Data segment –
⁂

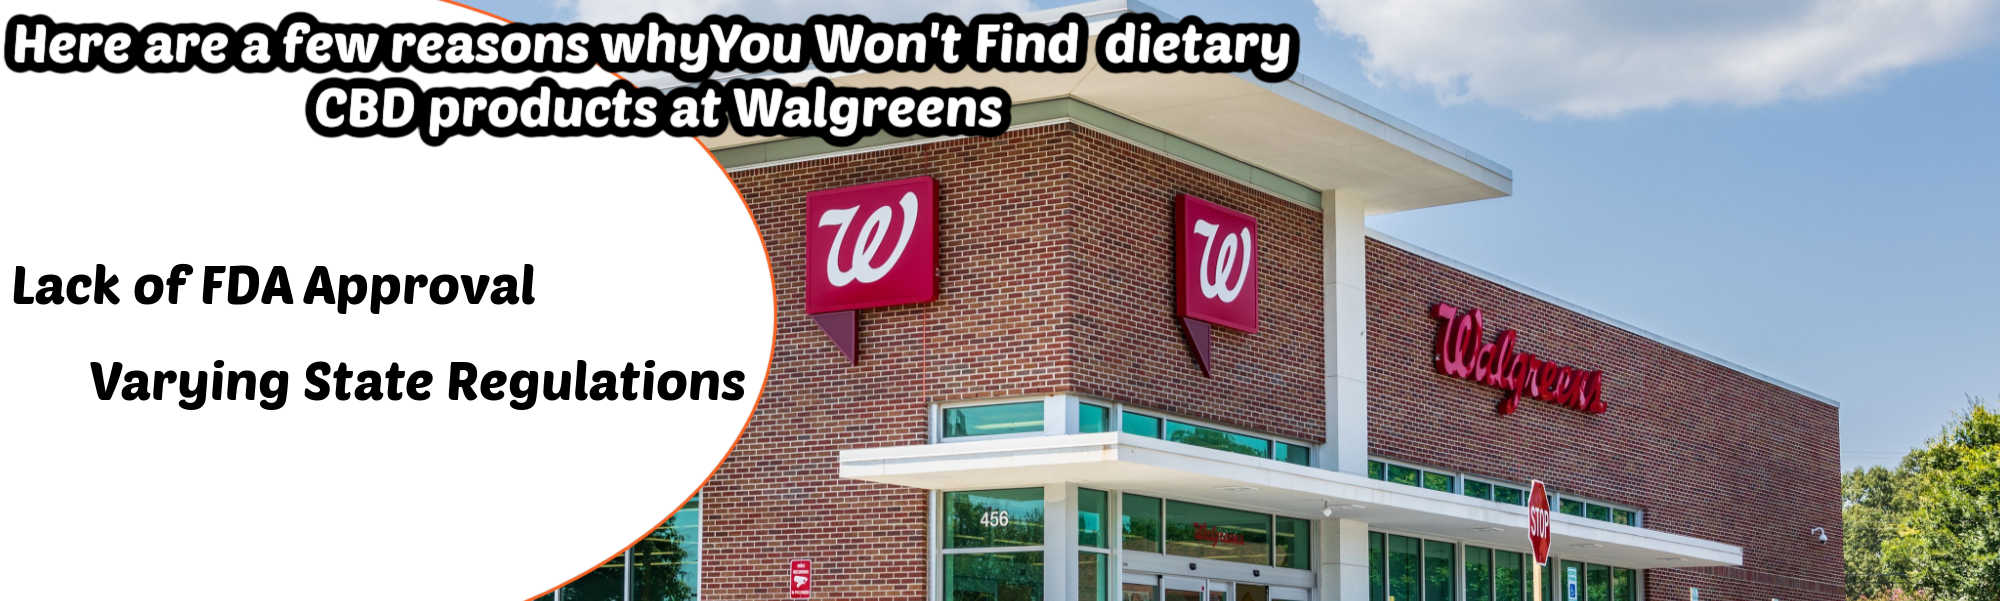 image of reasons why you wont find cbd products at walgreens
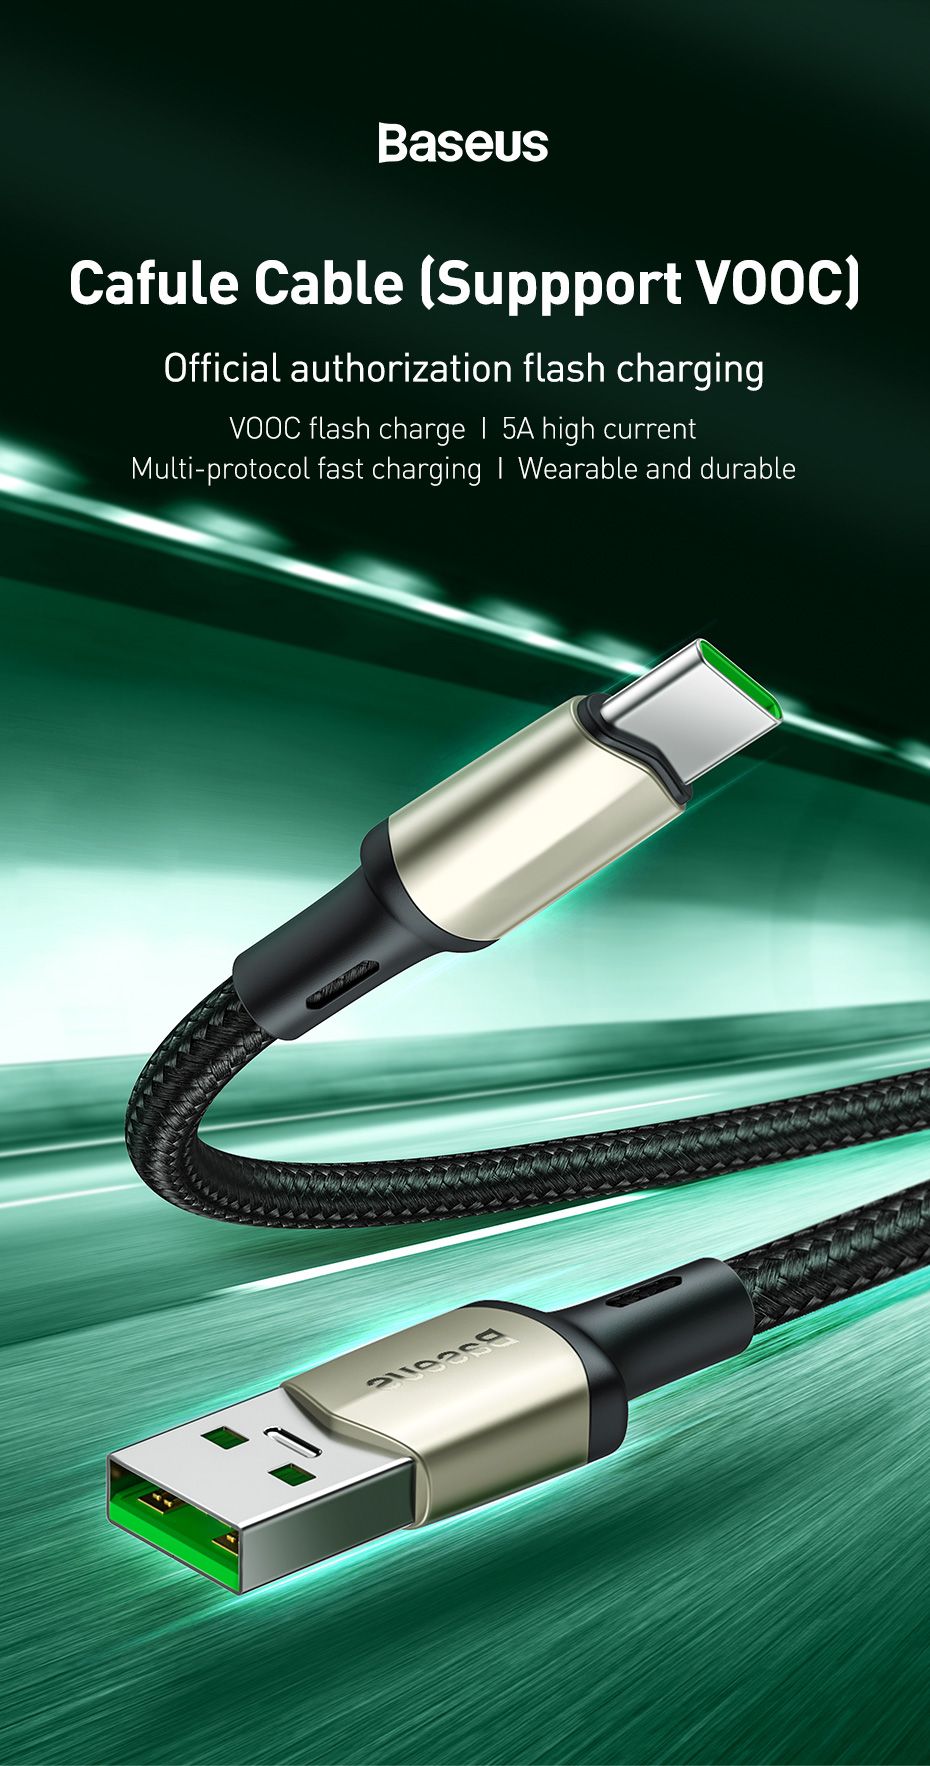 Baseus-Cafule-30W-5A-Warp-OPPO-VOOC-Certified-Flash-Charge-USB-Type-C-Cable-QC30-SCP-AFC-FCP-Fast-Ch-1706413
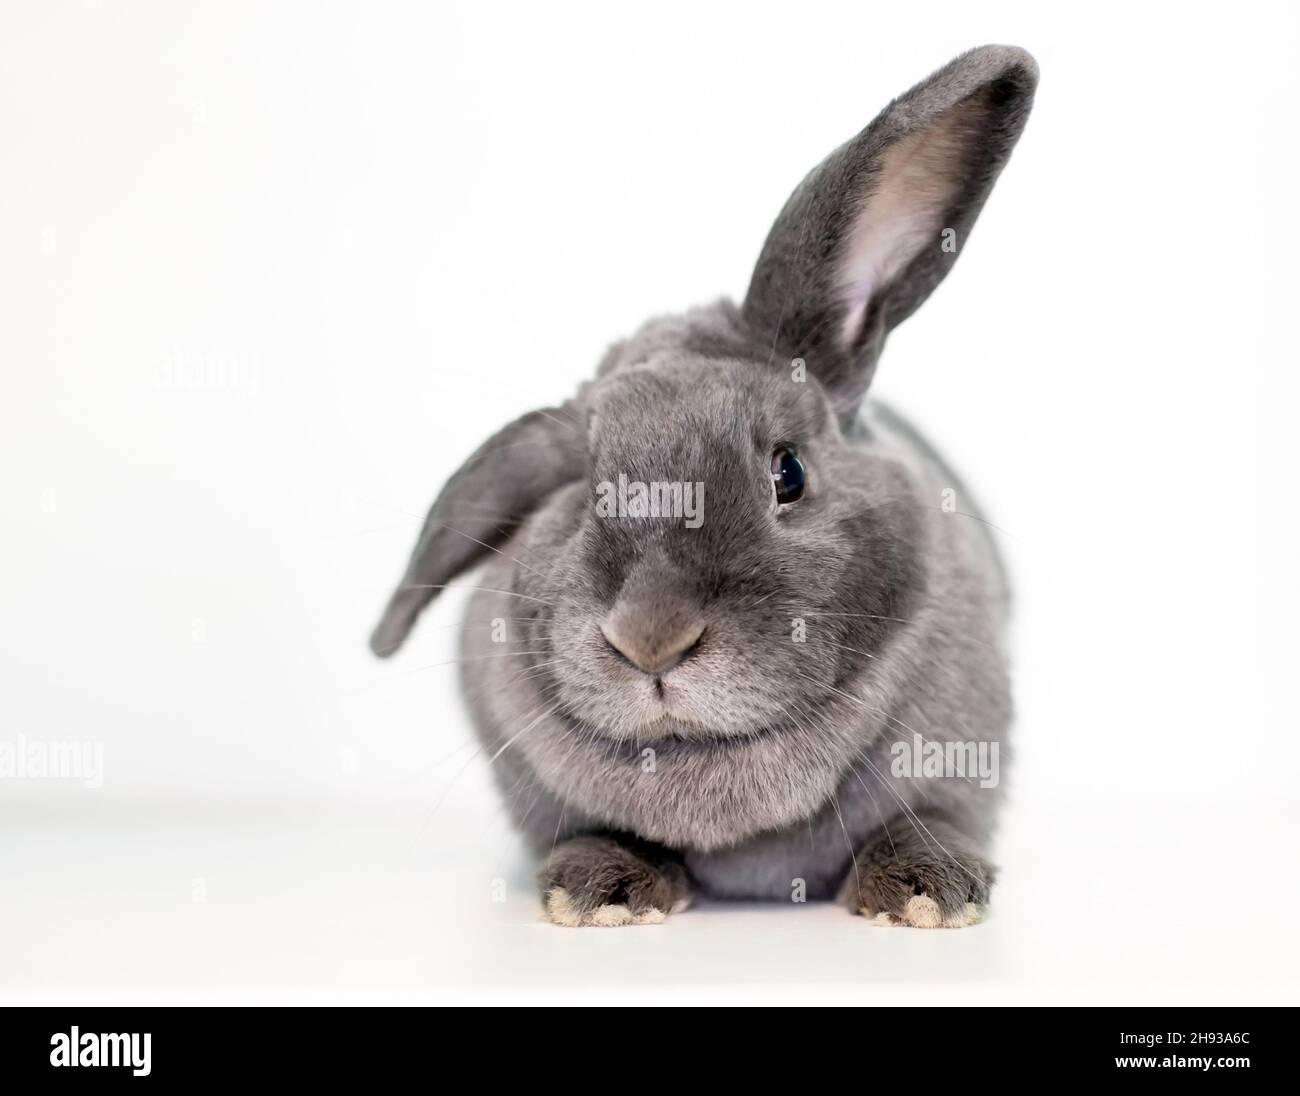 A gray pet rabbit holding its ears in a half lop position Stock Photo

⁂

Problem requirements –
Type the material out again exactly. Skip the pictures.

Answer box –
 image of reasons why you wont find cbd products at walgreens
 Baseus-Cafule-30W-5A-Warp-OPPO-VOOC-Certified-Flash-Charge-USB-Type-C-Cable-QC30-SCP-AFC-FCP-Fast-Ch-1706413
 A gray pet rabbit holding its ears in a half lop position Stock Photo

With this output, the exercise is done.